In order to address the deficiencies presented, firstly the laboratory network in Mali should be upgraded to allow local access to second-line DST, which will considerably reduce the time to diagnosis, especially given the complexities of transportation of samples from Bamako to Antwerp. Both the Hain SL LPA and phenotypic second line DST are currently being implemented not only at the NRL, but also at UCRC. Secondly, patient 2 probably was superinfected by patient 1, and clinicians should be trained for proper management of MDR patients, including appropriate infection control measures, physiotherapy and psychosocial support for patients for retention into care. Most importantly, rapid diagnosis is futile without appropriate treatment regimens being available. As for ‘simple’ MDR patients, the 20 + month MDR regimen has unacceptably high drop-out and failure rates, and the 9M MDR needs to urgently be adopted in Mali. For these and additional XDR-TB patients, appropriate drugs need to be stocked.
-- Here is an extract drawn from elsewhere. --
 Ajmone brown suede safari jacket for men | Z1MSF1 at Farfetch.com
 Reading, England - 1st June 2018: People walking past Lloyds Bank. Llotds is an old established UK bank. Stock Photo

In summary, the identification of XDR in Mali is not unexpected, as resistance is a man-made problem and management of patients with MDR-TB is at present not following recommended PMDT guidelines in Mali. We, as the whole management team of MDR-TB patients, failed in multiple steps after the first identification of their extensive resistance, and thus we hope that the measures to be taken will be sufficient to contain resistance TB and prevent its further spread. The lessons learned in Mali may serve as an example to other countries that have not yet identified XDR-TB patients.